The Boswellia sacra resin has been traditionally applied as a folk medicine to treat various diseases, including inflammatory and cancer disorders9. The underlying mechanism of anti-inflammatory activities is mostly related to pentacyclic triterpenic acids, namely boswellic acids which have been recognized as active ingredients of frankincense10. While the chemical structure of boswelic acids is similar to that of steroids11, they have indicated quite different properties from nonsteroidal anti-inflammatory drugs by the inhibition of 5-lipoxygenase12. Based on the previous in vitro and in vivo studies, the boswellic acid derivatives are well-recognized as active components responsible for the anti-cancer activities of frankincense13. Furthermore, they are reported to possess cancer chemo-preventive activities14.

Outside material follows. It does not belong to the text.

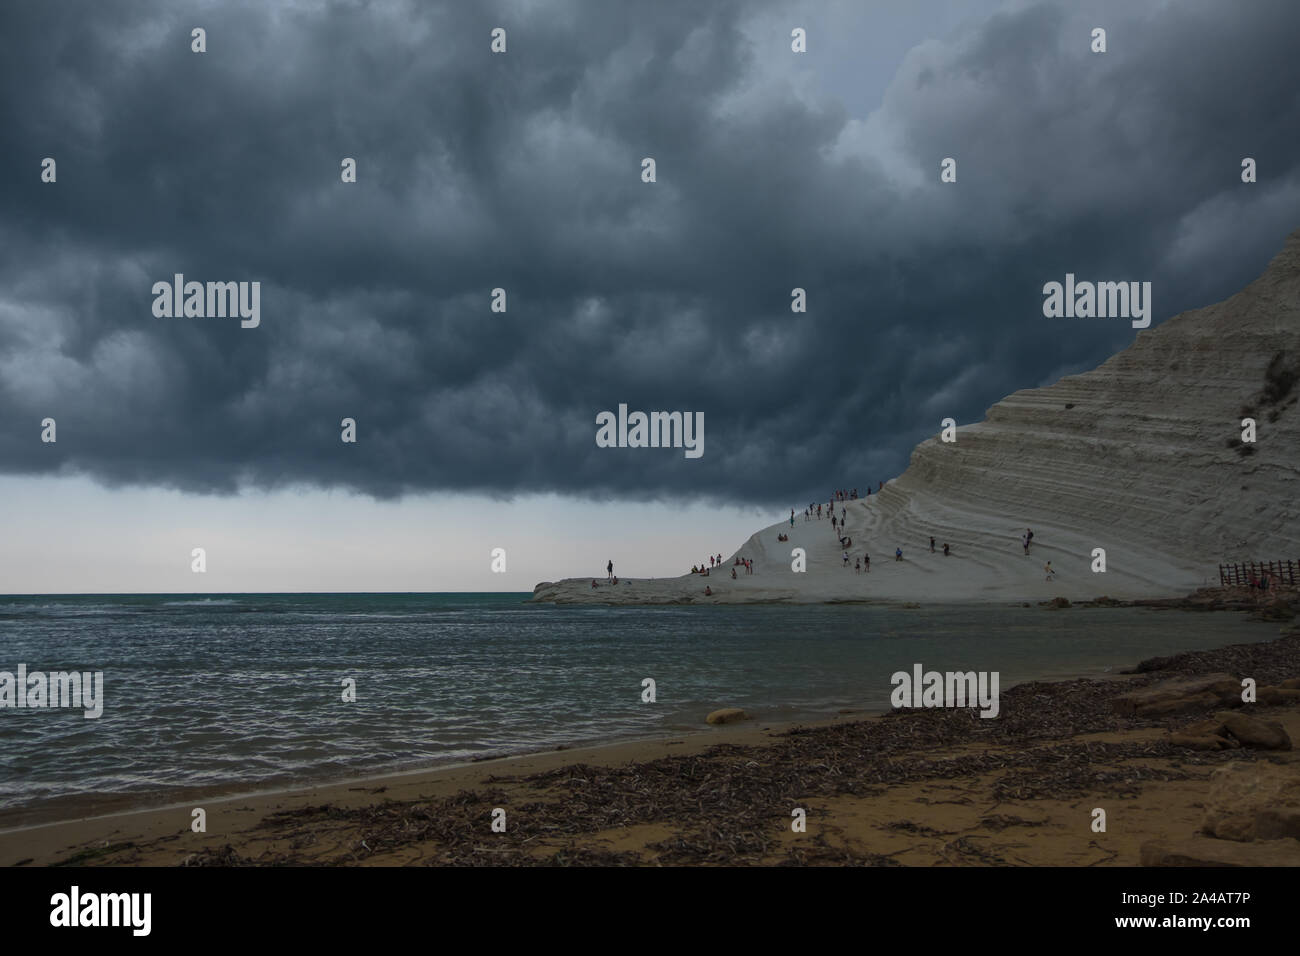 Jour de tempête avec des nuages gris dans le ciel, sur la plage touristique avec la formation en pierre blanche Banque D'Images
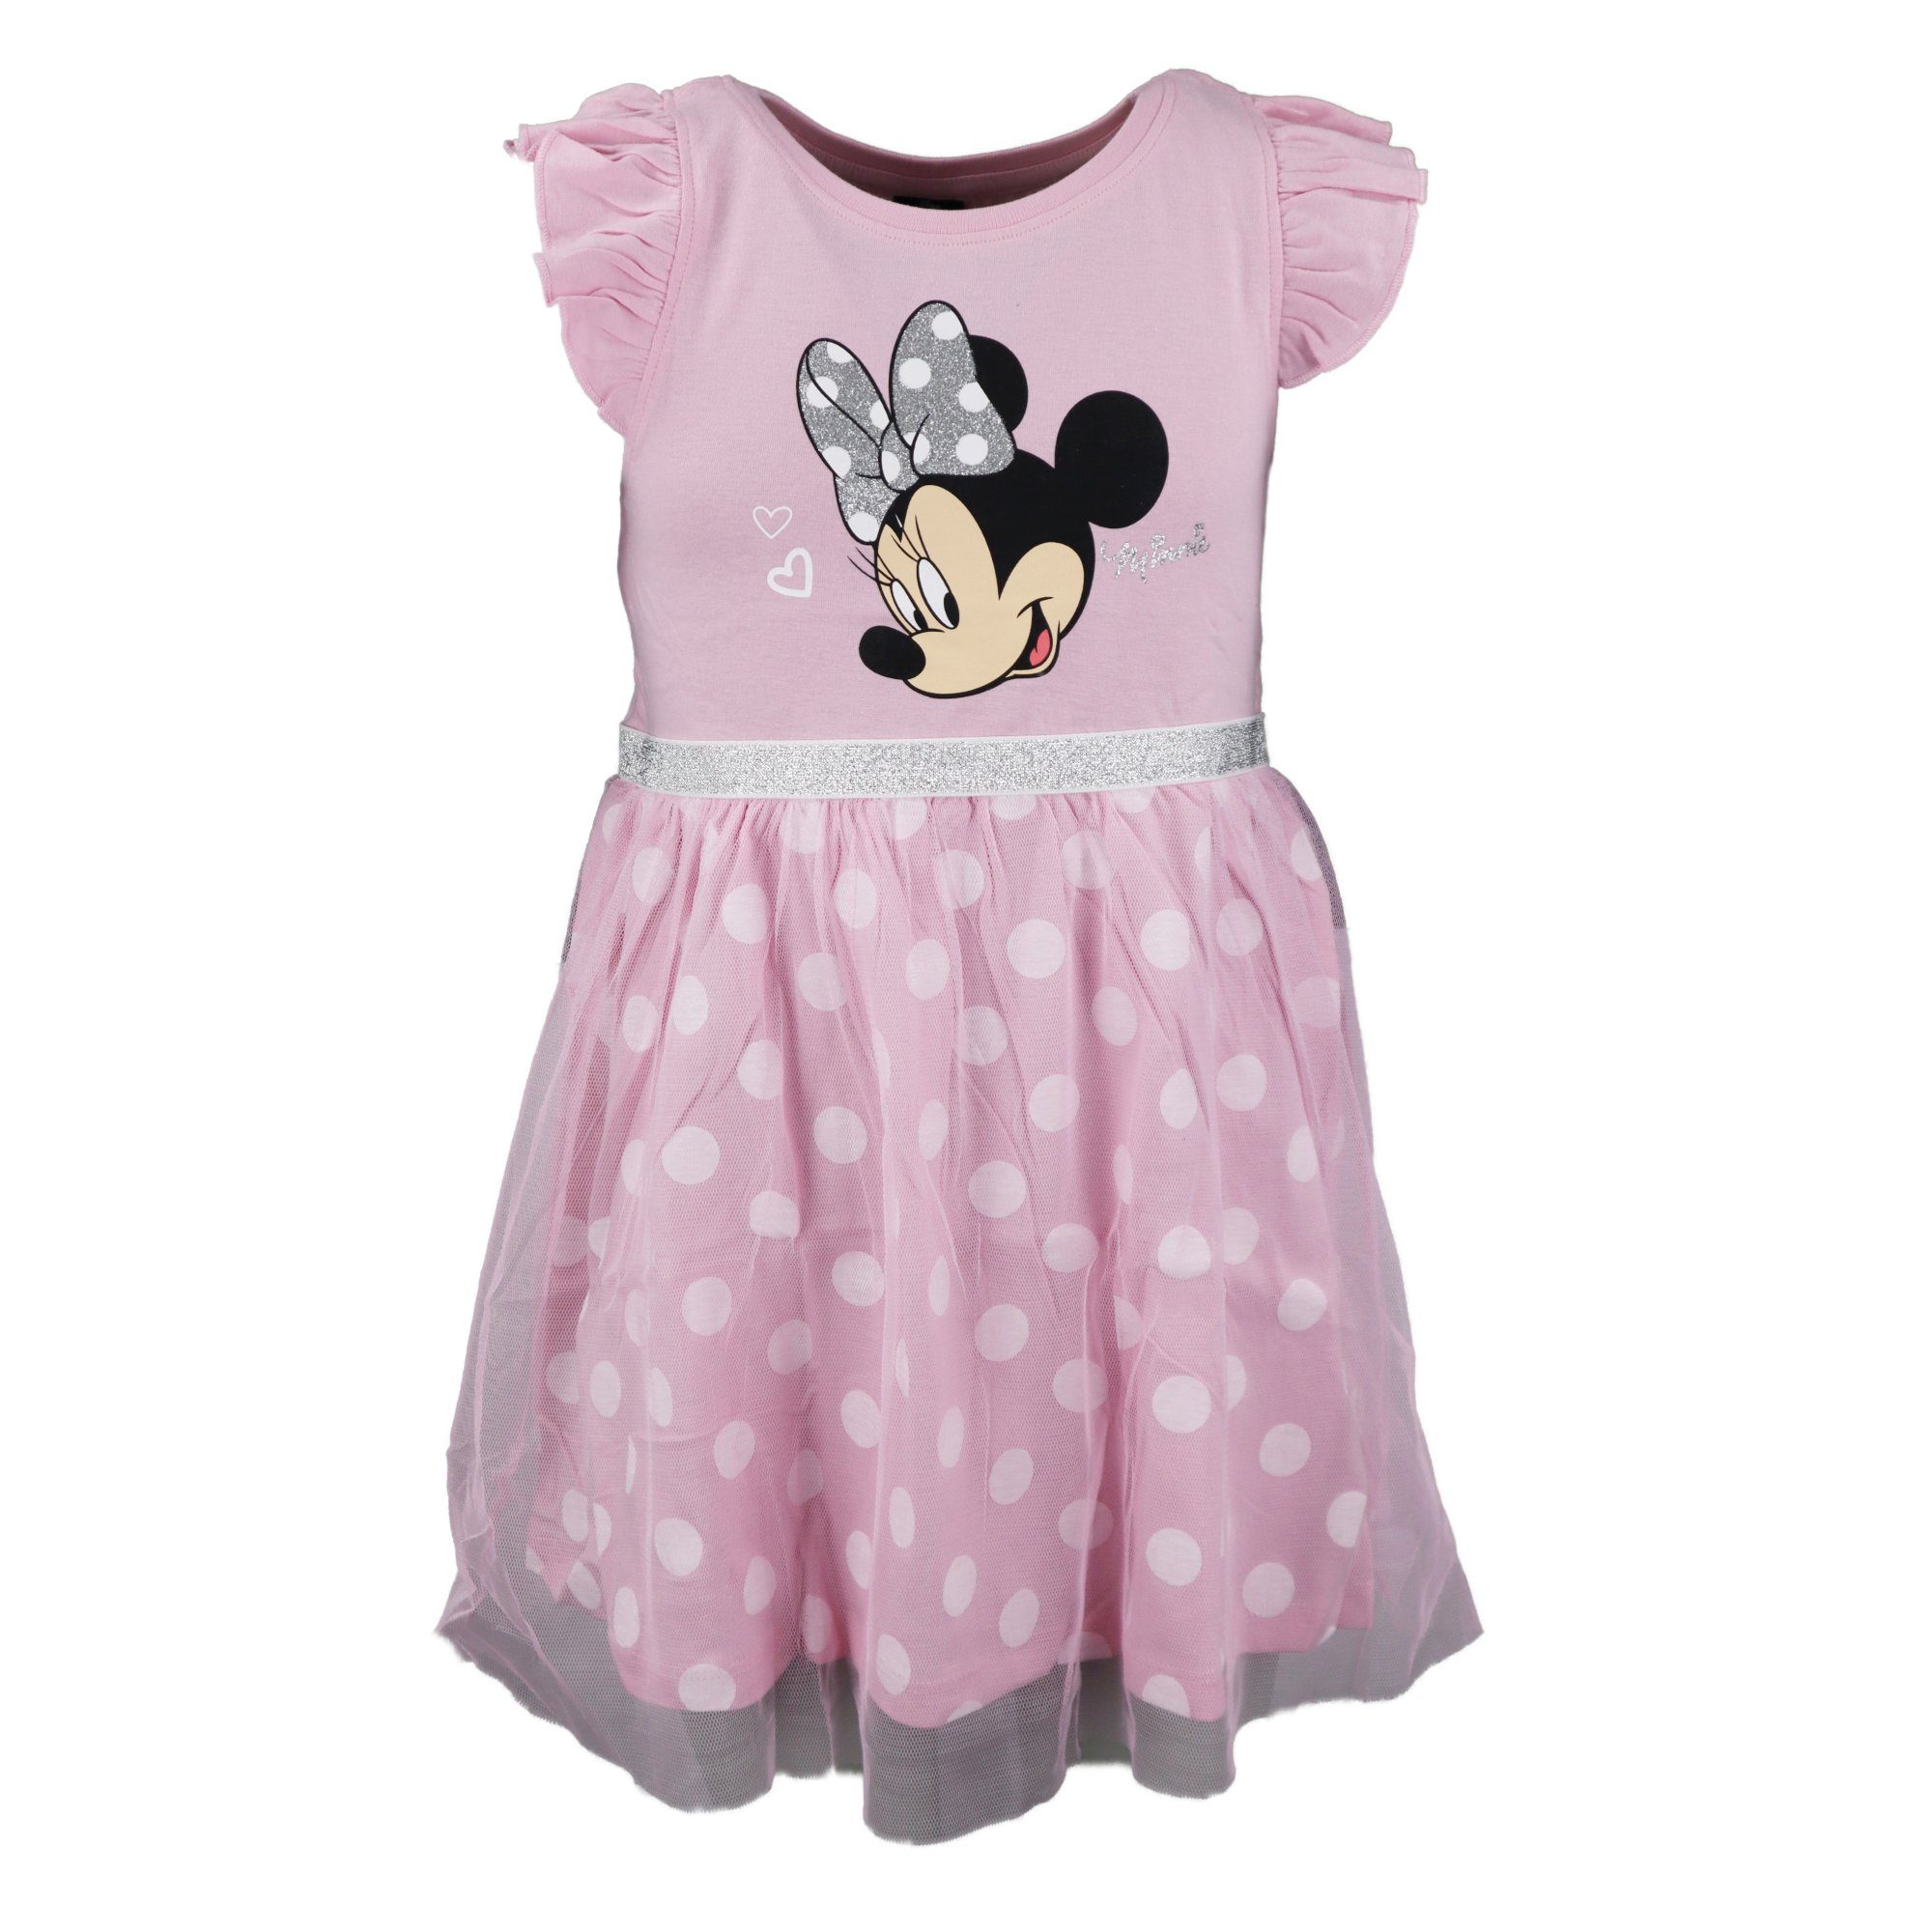 Gr. Maus Mädchen Disney Kleid Tüllkleid Minnie Kinder Disney Minnie 104 bis 134 Mouse

β-Boswellic acid (BA), 3-O-acetyl-β-Boswellic acid (ABA), and 3-O-acetyl-11-keto-β-Boswellic acid (AKBA) are the major derivatives of Boswellic acids15,16. It has been proven that BA could induce apoptosis in colon cancer cells through a caspase-8-dependent pathway17. ABA revealed a more influential impact on the apoptosis of glioblastoma cells in comparison with the BA and AKBA18. Moreover, the whole-transcriptomic study of ABA indicated that it can induce apoptosis and inhibit epithelial-mesenchymal transition, cancer cell viability, proliferation, and metastasis by interference in the different molecular pathways18. ABA in particular showed a more influential anti-cancer impact against glioblastoma cells when compared with BA and AKBA19. As reported, ABA didn't indicate toxicity against normal cells, while it caused DNA fragmentation in melanoma cells20. Among boswellic acid derivatives, AKBA has been reported to have the strongest anti-cancer properties. AKBA could decrease chemotherapy resistance in human cancers, for example, AKBA decreased the malignancy of Taxol resistant human ovarian cancer by inhibiting multidrug resistance protein function and also, suppressed Docetaxel-resistant prostate cancer cells in vitro and in vivo by blocking Akt and Stat3 signaling21,22. We have recently investigated the apoptotic effects of AKBA against human prostate and breast cancer cells23.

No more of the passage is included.